Unaccompanied minors on the Greek island of Lesbos are being incorrectly identified as adults and housed with unrelated adults, leaving them vulnerable to abuse and unable to access the specific care they need and are entitled to, Human Rights Watch says in a statement. This is mainly due to flawed age assessment procedures but also because some children claim to be adults, believing it will allow them to avoid detention.
When they realise they have made a mistake and try to persuade the authorities to register them correctly, they can spend months trying to change their official status and being treated as adults in the meantime, sometimes until they reach adulthood.
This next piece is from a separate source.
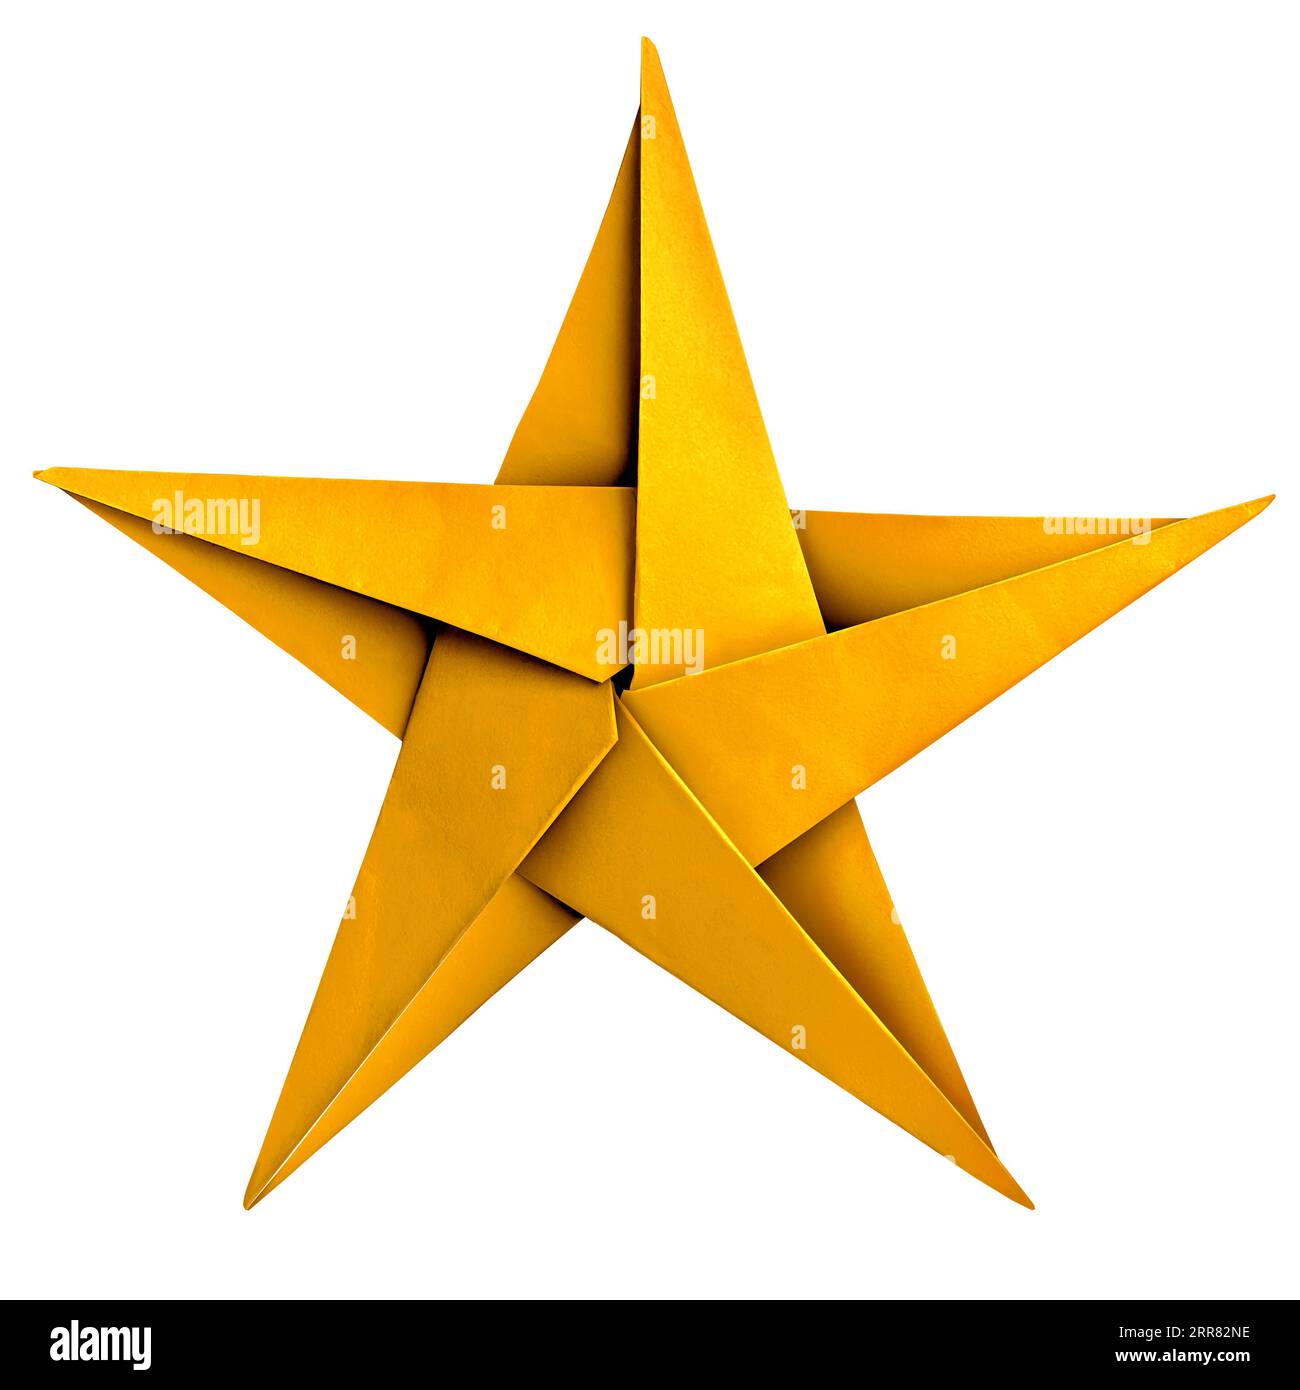 Gold Paper Star as a symbol of Winning as an origami Sculpture for success symbol as a golden winning first place award object Stock Photo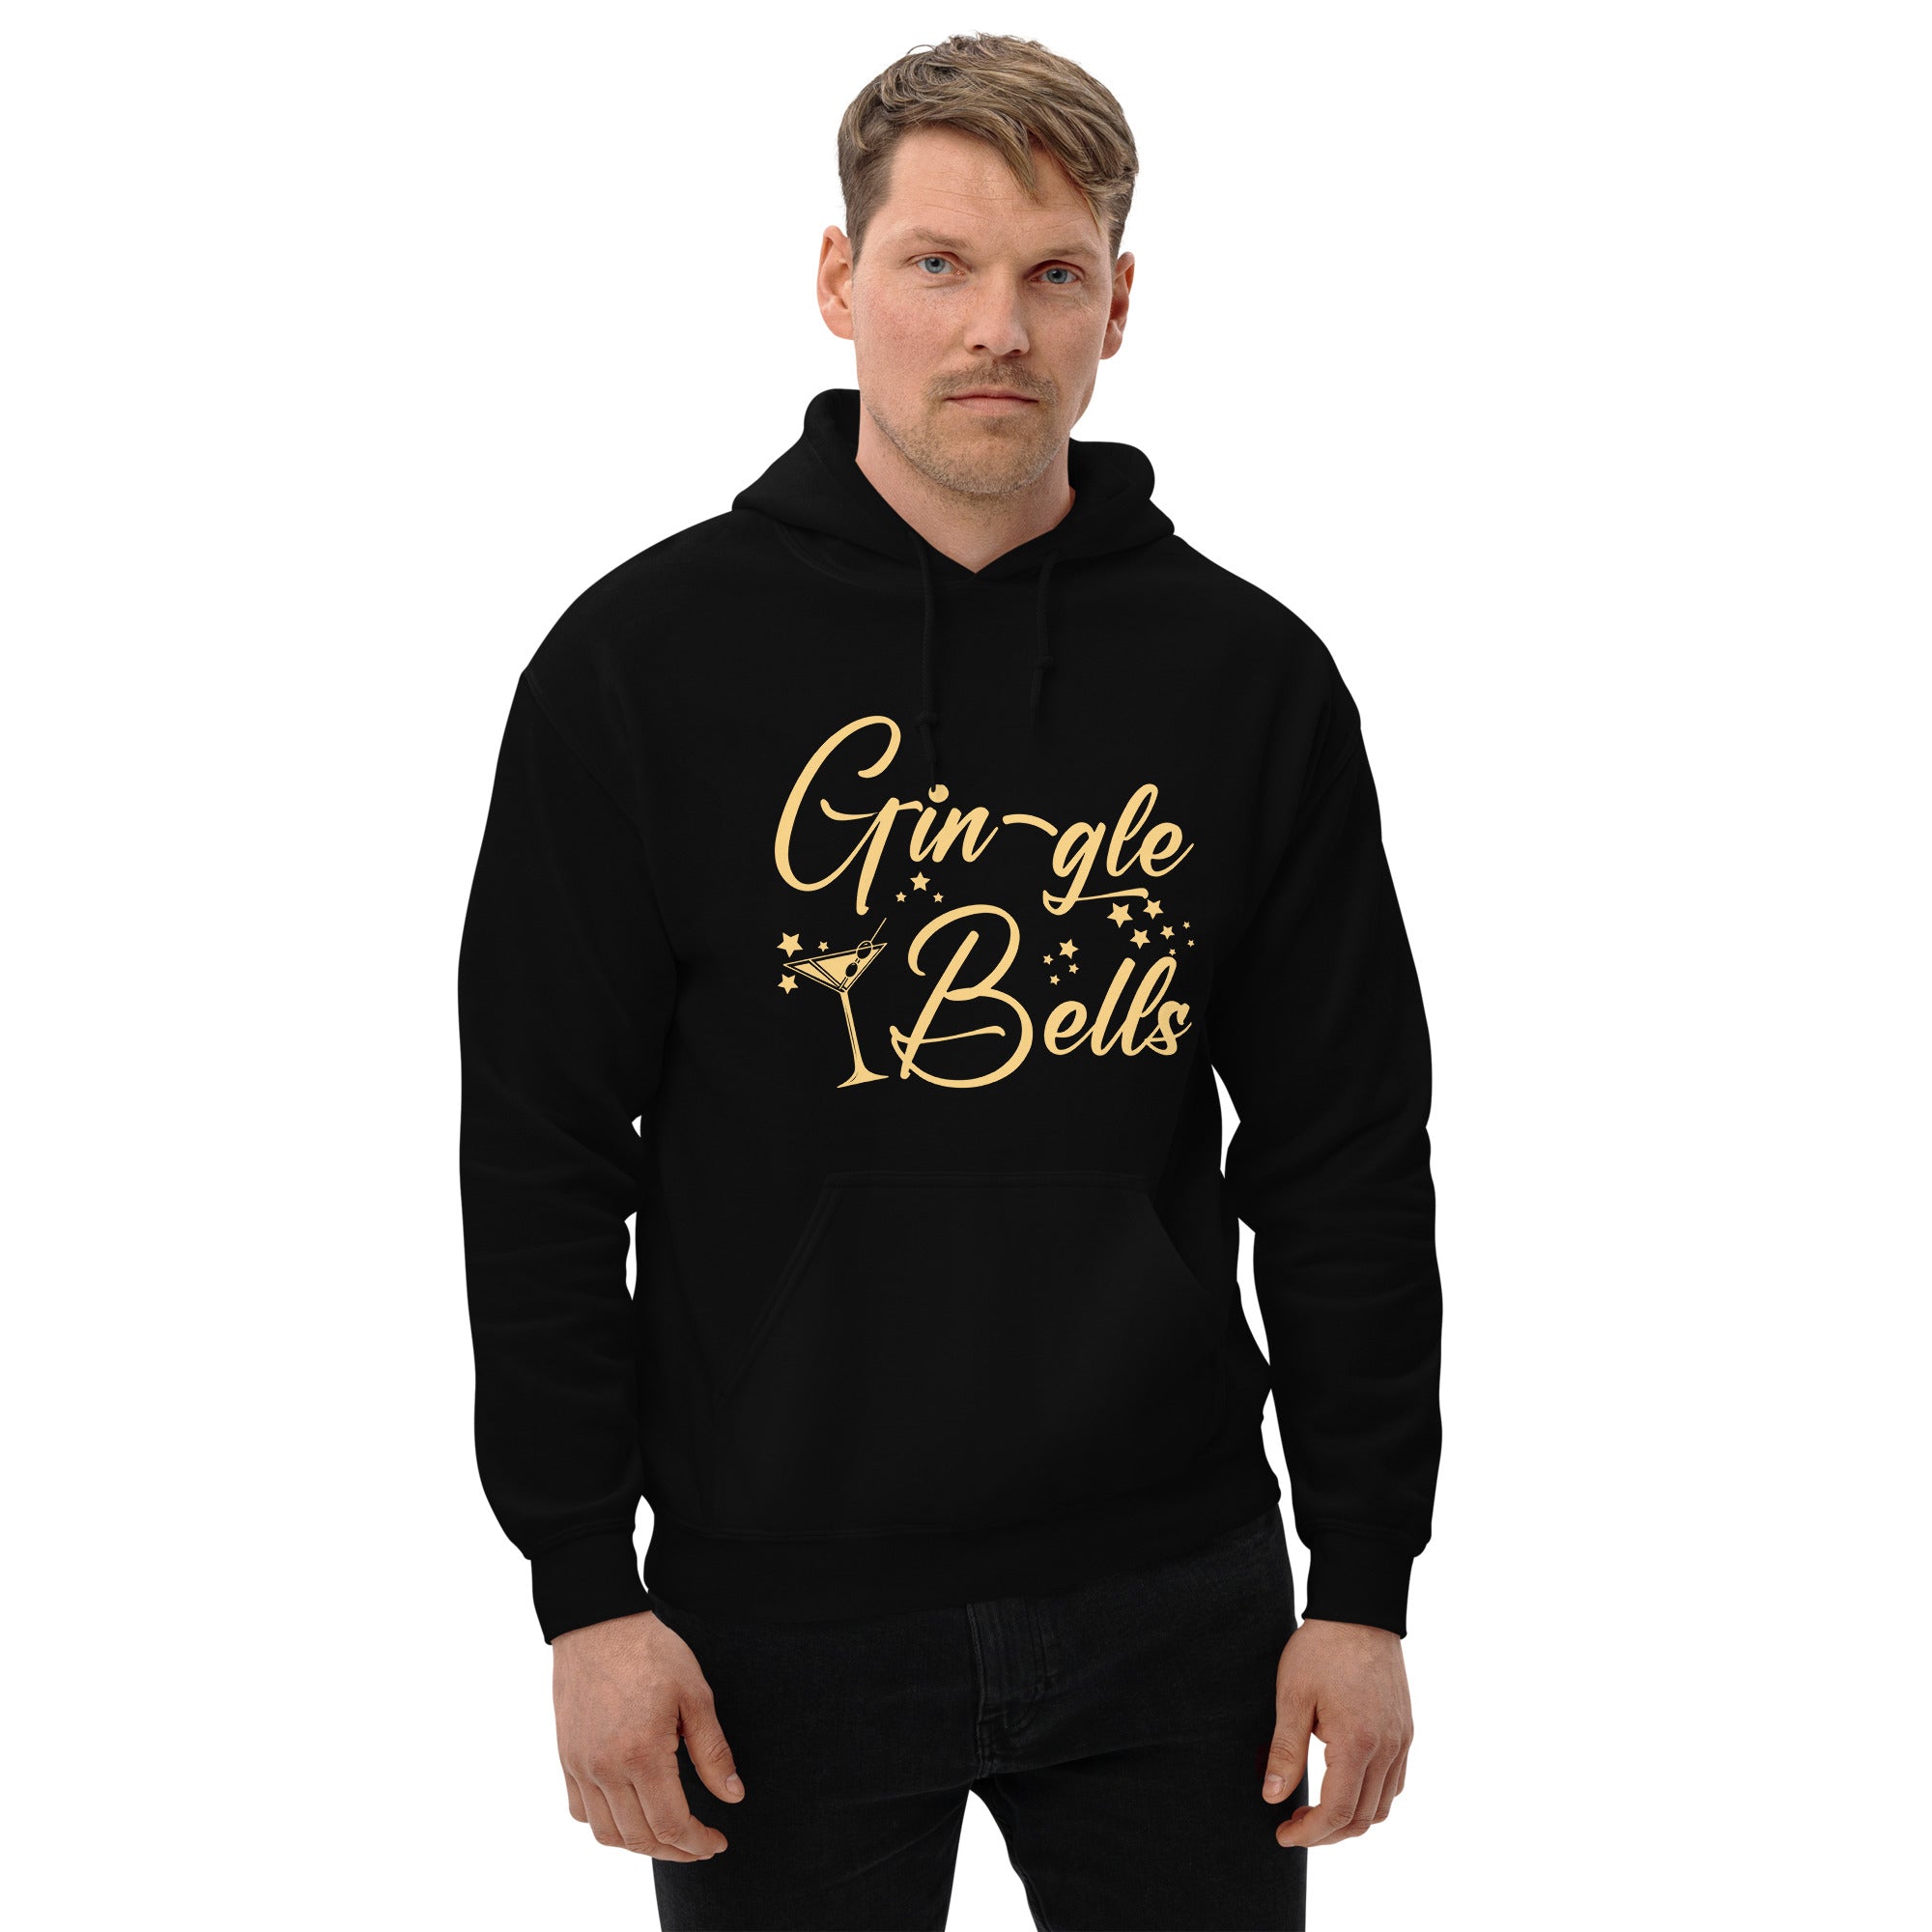 Gin-gle Bells Christmas Gin Tonic Alcohol Christmas Cocktail Xmas Gin Lover Men's Hoodie

Despite an assurance by Greek officials to Human Rights Watch that a proper multidisciplinary procedure is followed, reception service officials do not systematically question unaccompanied children who claim to be adults, even when their appearance strongly suggests that they are well under 18.
In practice, authorities fail to provide children with adequate information about their rights during the reception and identification process on the islands and take no steps to verify whether an individual claiming to be an adult is a child, creating a risk that trafficked children will not be identified and protected from further harm.
Eva Cossé, Greece researcher at Human Rights Watch says “Greek authorities need to take responsibility for properly identifying unaccompanied children and providing them the protection and care every child needs.” Greece need to resolve its chronic shortage of space in safe accommodation for registered unaccompanied children and stop detaining them at police stations for example while pending placement in a shelter to be line with international best practices. On 20 June 2017, 1,149 were on the waiting list for shelter. 296 of them detained. Read more
Greek authorities should take steps to better identify children, give those whose age is disputed the benefit of the doubt in close cases, and ensure that they have access to decent accommodation where they can receive care, education, counselling, legal aid, guardianship, and other essential services, the organisation says.